Naukowcy z Oregon Health & Science University w Portland mają dobrą wiadomość dla osób, które w związku z problemem z zębami muszą poddać się leczeniu kanałowemu. Wyniki eksperymentu, opublikowane na łamach czasopisma "Scientific Reports", dają szansę, że po takim zabiegu ząb nie pozostanie martwy. W warunkach laboratoryjnych powiodła się bowiem próba odtworzenia naczyń krwionośnych, które mogłyby zapewnić tkance zęba dalsze odżywianie.

Leczenie kanałowe, konieczne w przypadku poważnych uszkodzeń zęba i procesów zapalnych obejmujących jego miazgę polega na usunięciu tej miazgi, w tym naczyń krwionośnych i włókien nerwowych. Kanał zębowy zostaje oczyszczony, zatruty i wypełniony substancją stabilizującą. Po takim zabiegu ząb pozostaje zabezpieczony, ale martwy i z czasem coraz bardziej podatny na uszkodzenia. Badacze z Oregonu pokazali, że ten scenariusz można nieco zmienić i sprawić, że ząb po zabiegu będzie wciąż mocny.

Leczenie kanałowe eliminuje czucie i dopływ krwi do zęba, sprawia, że jest martwy, nie działają w nim żadne biologiczne mechanizmy obronne. W takiej sytuacji rośnie ryzyko utraty zęba, potrzeby późniejszego zastosowania implantów, czy protez zębowych - mówi szef zespołu badawczego, prof. Luiz Bertassoni z OHSU School of Dentistry.

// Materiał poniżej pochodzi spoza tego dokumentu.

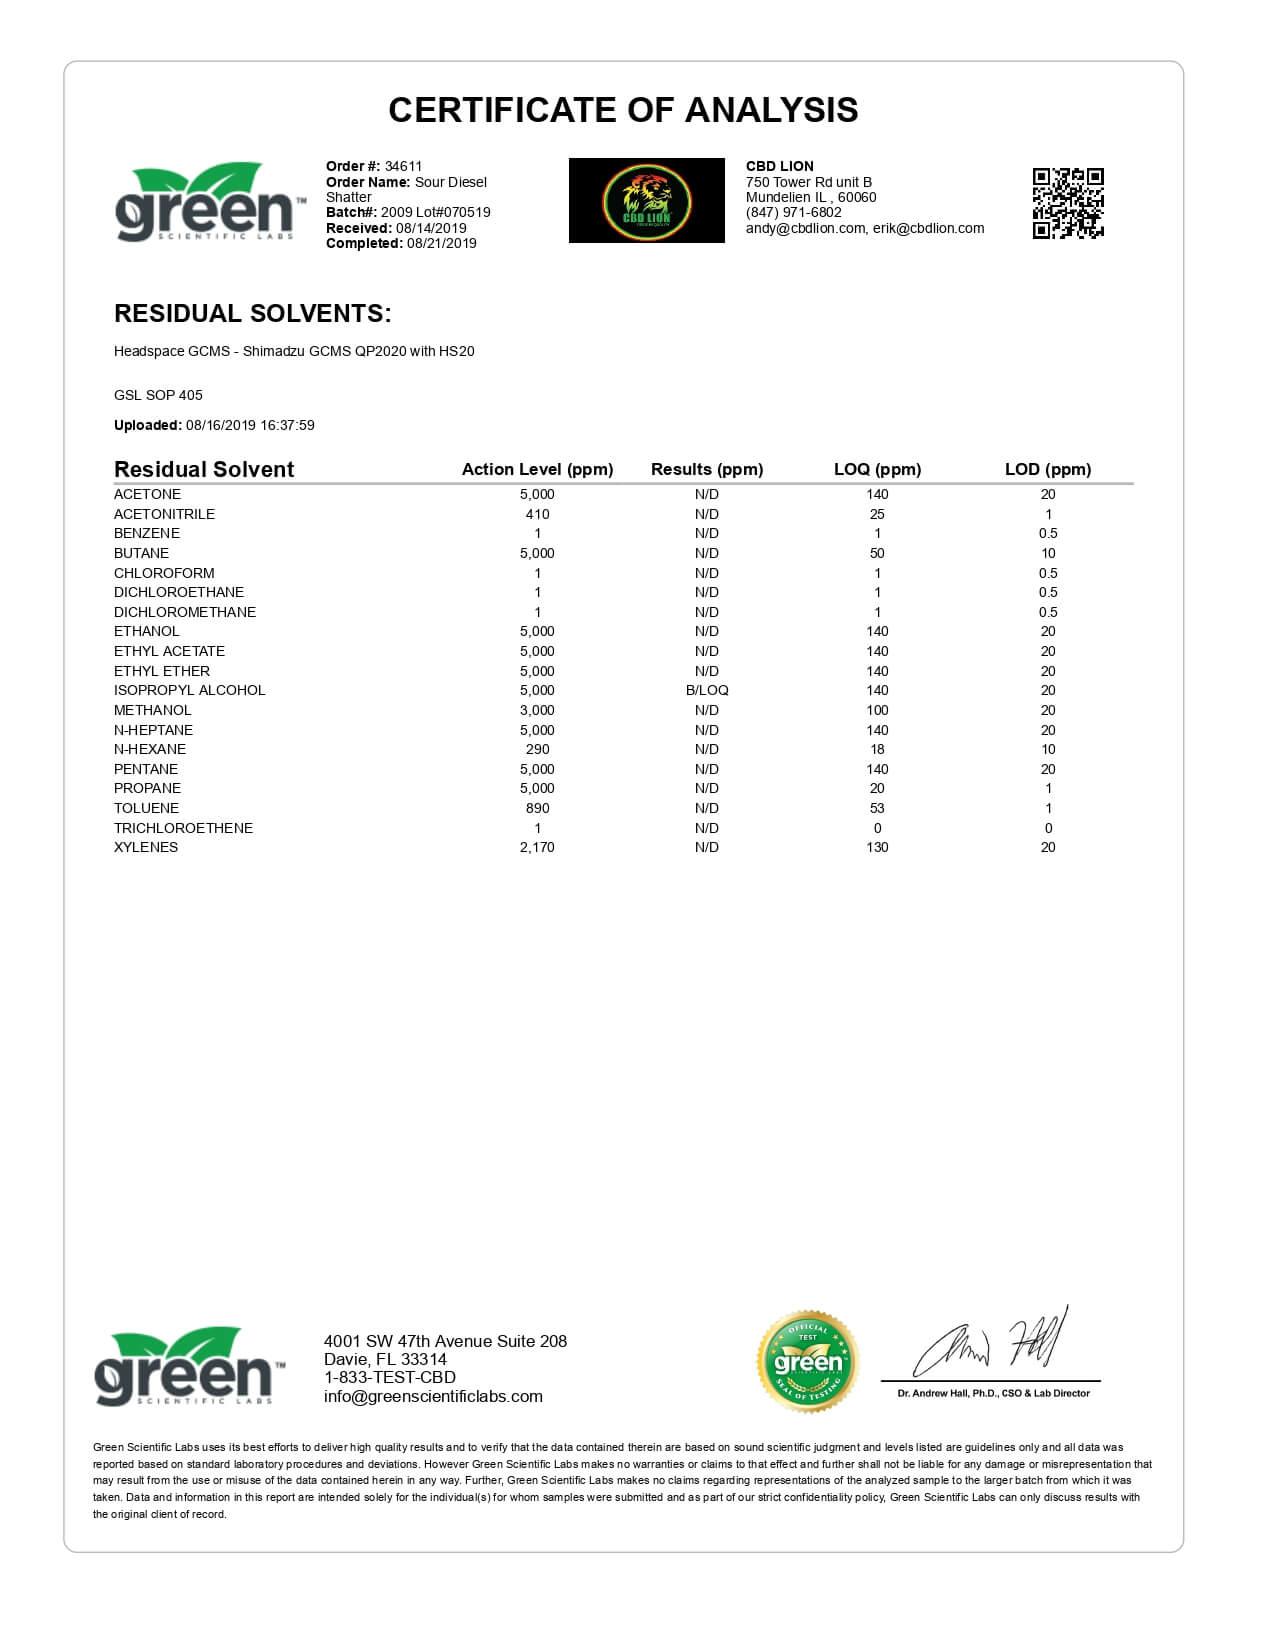 CBD Lion CBD Concentrate Sour Diesel Shatter 1g Lab Report

Bertassoni wraz z kolegami prowadził już wcześniej pracę nad odtwarzaniem naczyń krwionośnych z wykorzystaniem technologii druku 3D. Tym razem w oczyszczonym kanale usuniętego zęba przedtrzonowego umieścił wykonaną z włókien cząsteczek cukru formę w kształcie naczyń krwionośnych i wypełnił żelem zawierającym białka i komórki miazgi zęba. Po usunięciu tej formy, w powstałe kanaliki wprowadzono komórki śródbłonka, pobrane z naczyń krwionośnych. Po siedmiu dniach we wnętrzu zęba uformowały się nowe naczynia.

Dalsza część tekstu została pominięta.